The U.S. Food and Drug Administration (FDA) has granted Priority Review Status to Clovis Oncology’s application to expand its approval for Rubraca (rucaparib) to include recurrent ovarian cancer maintenance treatment. A decision is expected by April 6, 2018.
Clovis submitted the application, which specifies that the maintenance treatment should be used in women who are sensitive to platinum-based chemotherapy, in October 2017.
“We are pleased that we continue to make significant progress toward our goal of delivering rucaparib to a much broader population of women with advanced ovarian cancer,” Patrick J. Mahaffy, president and CEO of Clovis Oncology, said in a press release.
“We are particularly encouraged by the FDA’s decision to grant priority review to the application, which may allow us to make rucaparib available to these women in a more expeditious manner.”
The priority designation shortens the time the FDA requires to review an application from 10 months to six months, and is granted to drugs that provide a considerable improvement in the safety or effectiveness of a treatment for a serious condition.

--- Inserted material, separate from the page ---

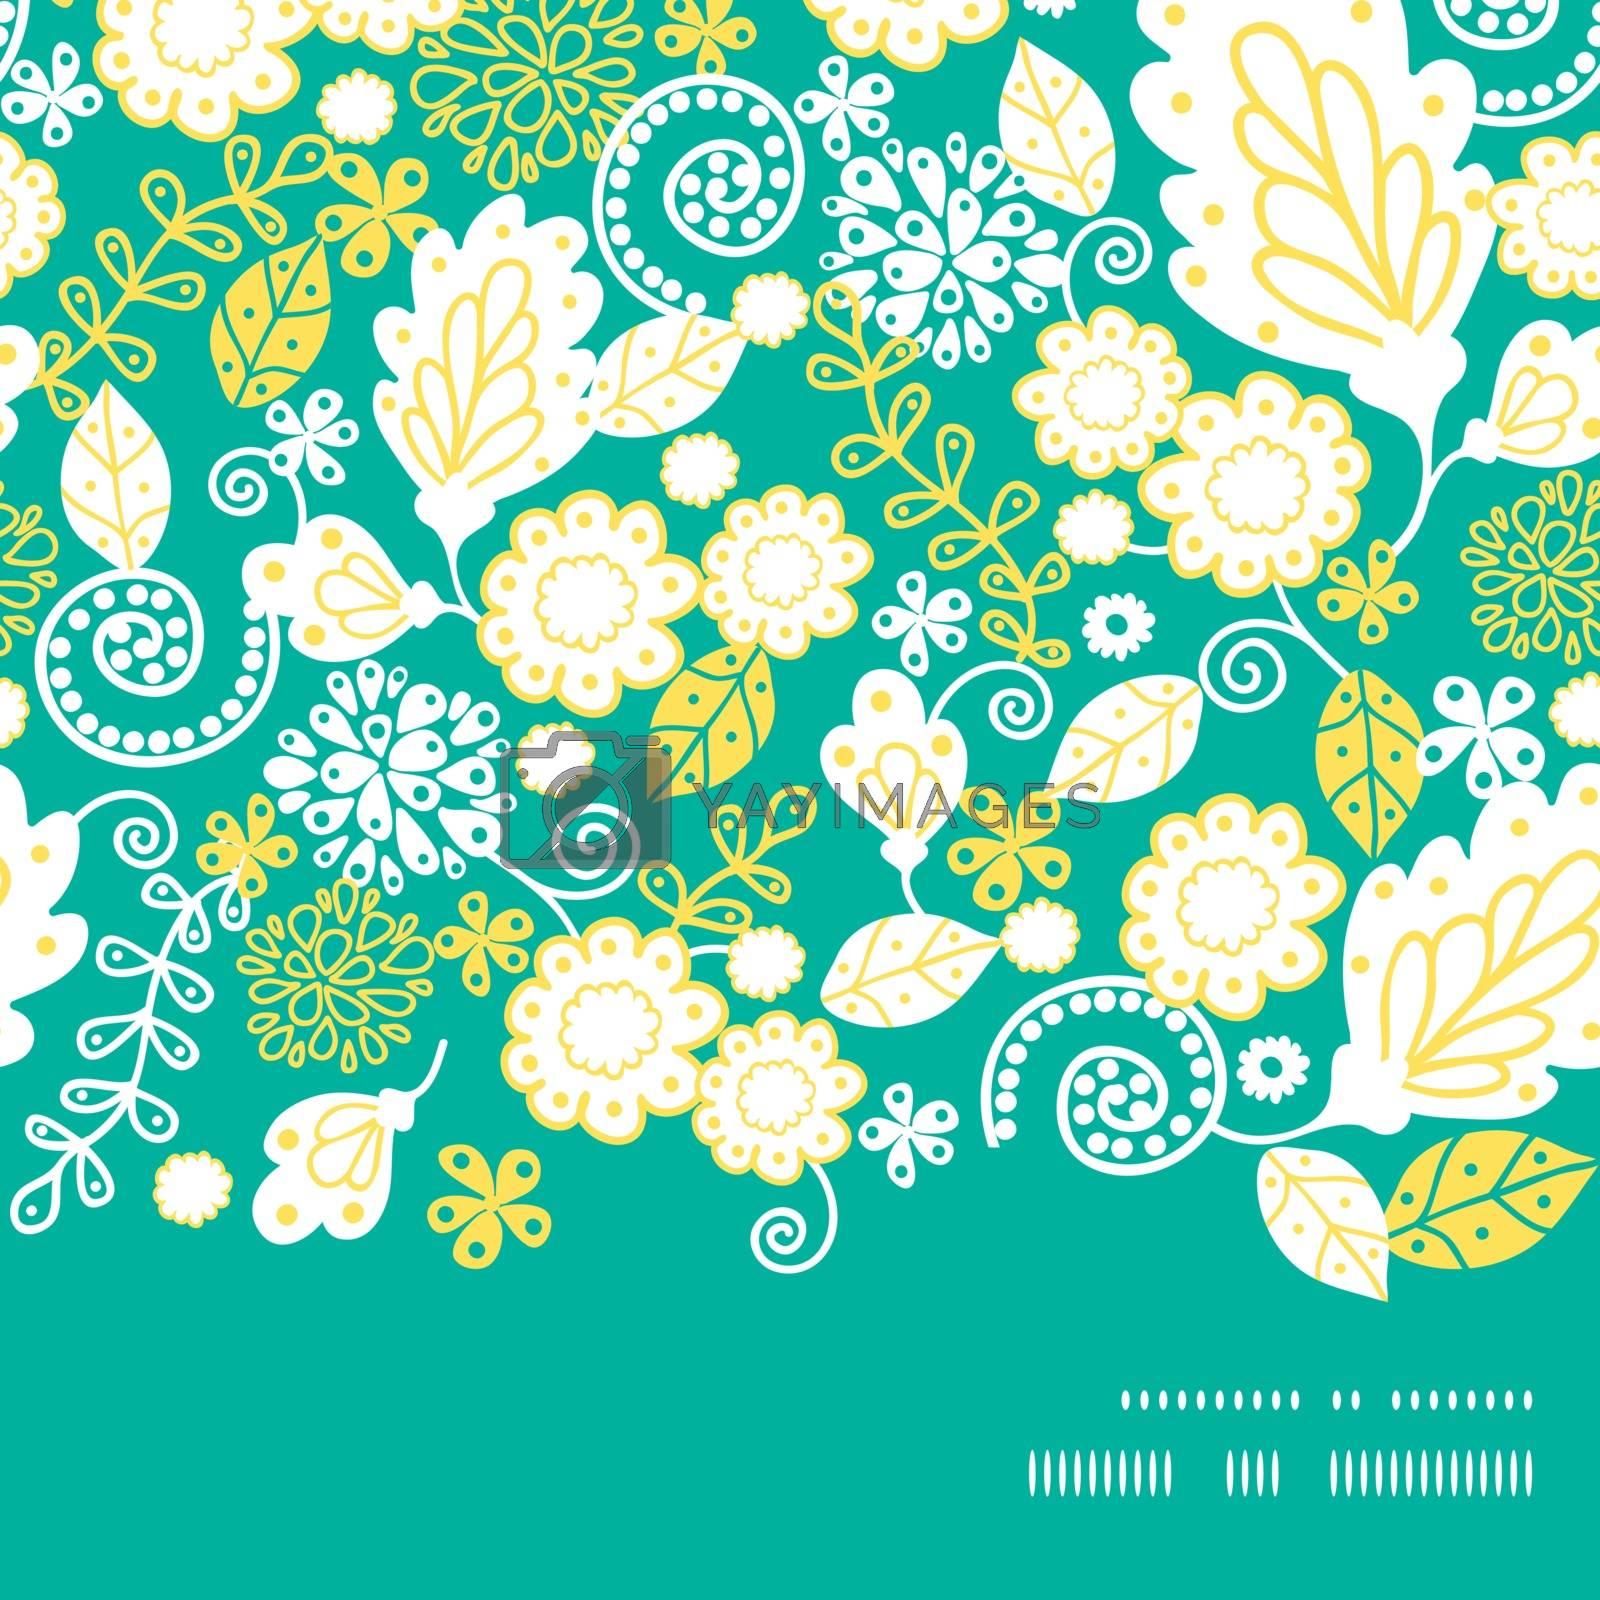 Vector emerald flowerals horizontal frame seamless pattern background graphic design

The so-called supplemental New Drug Application was based on data from the Phase 3 ARIEL3 trial (NCT01968213), which included 564 women with high-grade ovarian, fallopian tube, or primary peritoneal cancer who had at least a partial response to platinum chemotherapy.
The data, which Clovis presented at the European Society for Medical Oncology (ESMO) 2017 Congress, showed that Rubraca prevented the cancer from reappearing for longer than a placebo. It also appeared to boost the response to earlier chemotherapy.

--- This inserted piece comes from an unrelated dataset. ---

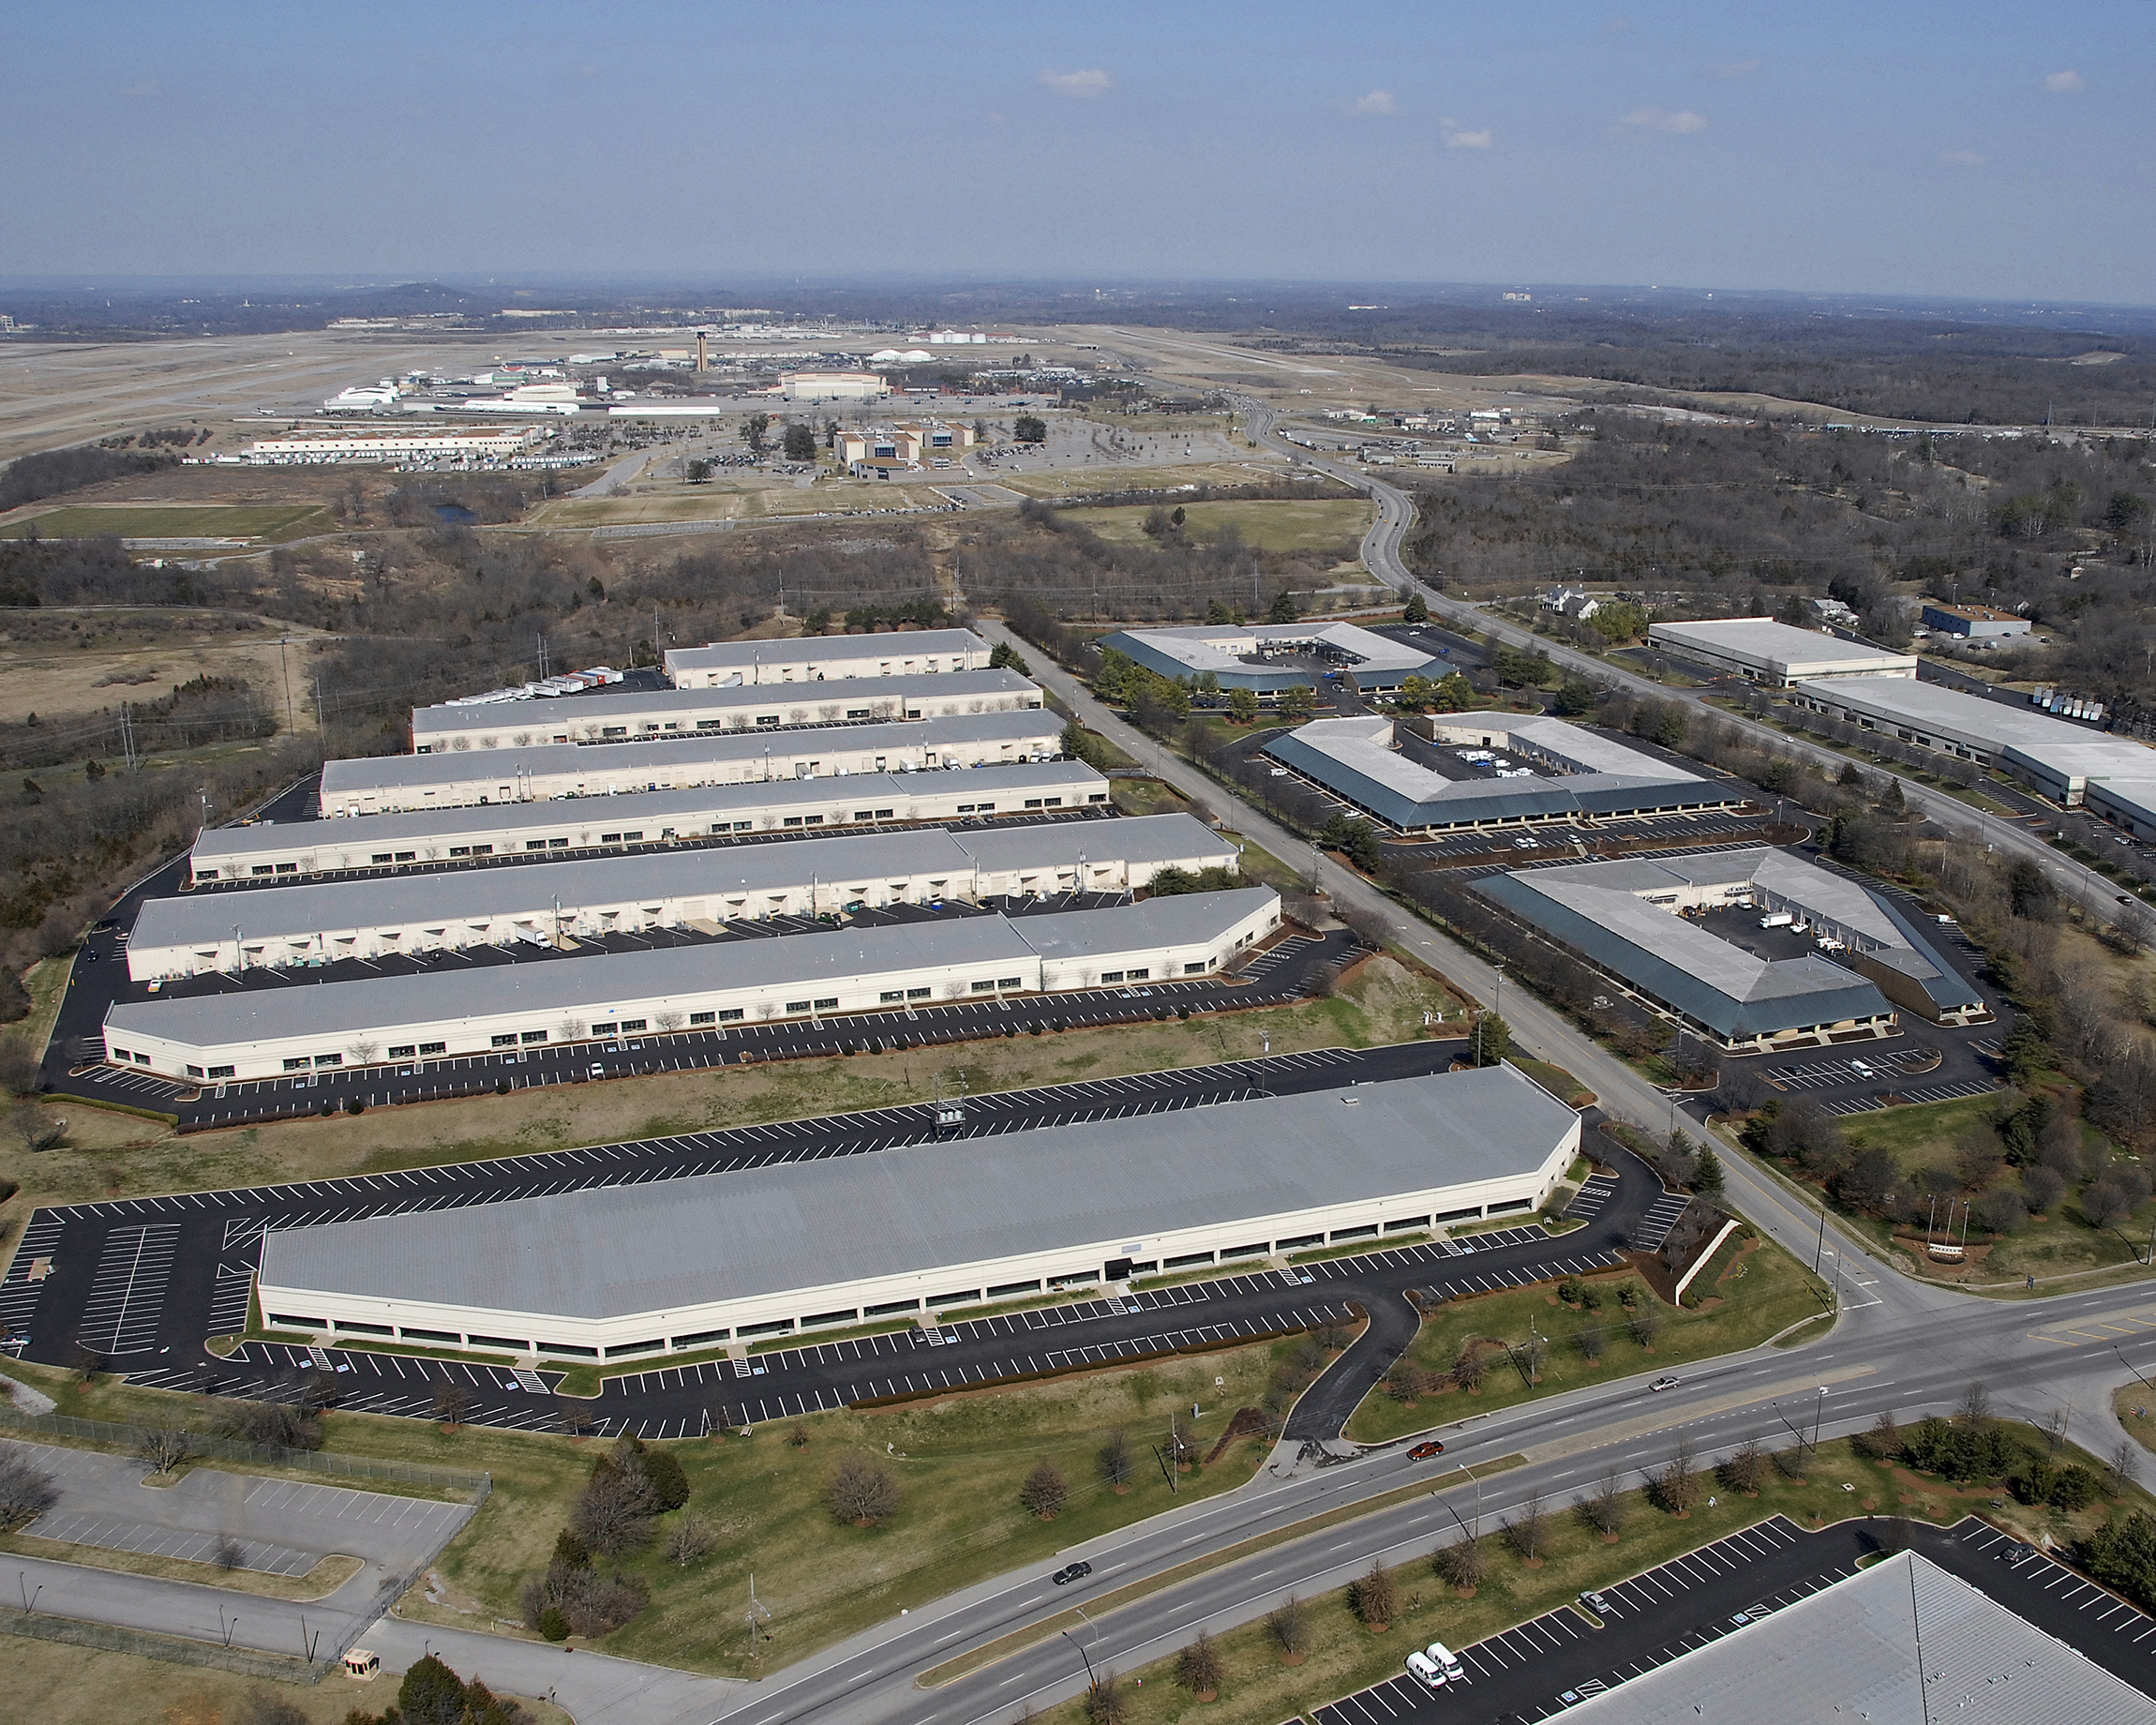 Aerial photos 002.jpg

The trial data, published in the journal The Lancet, show that women with BRCA mutations benefited the most from the treatment. But Rubraca also improved progression-free survival in the other patients, allowing the trial to meet its primary objective.
Clovis plans to submit an application to use Rubraca for ovarian cancer maintenance treatment with the European Medicines Agency in early 2018. European regulators, however, are still reviewing the company’s initial application to use Rubraca in advanced ovarian cancer. Their decision on Rubraca’s potential approval for this indication is expected by the end of the year.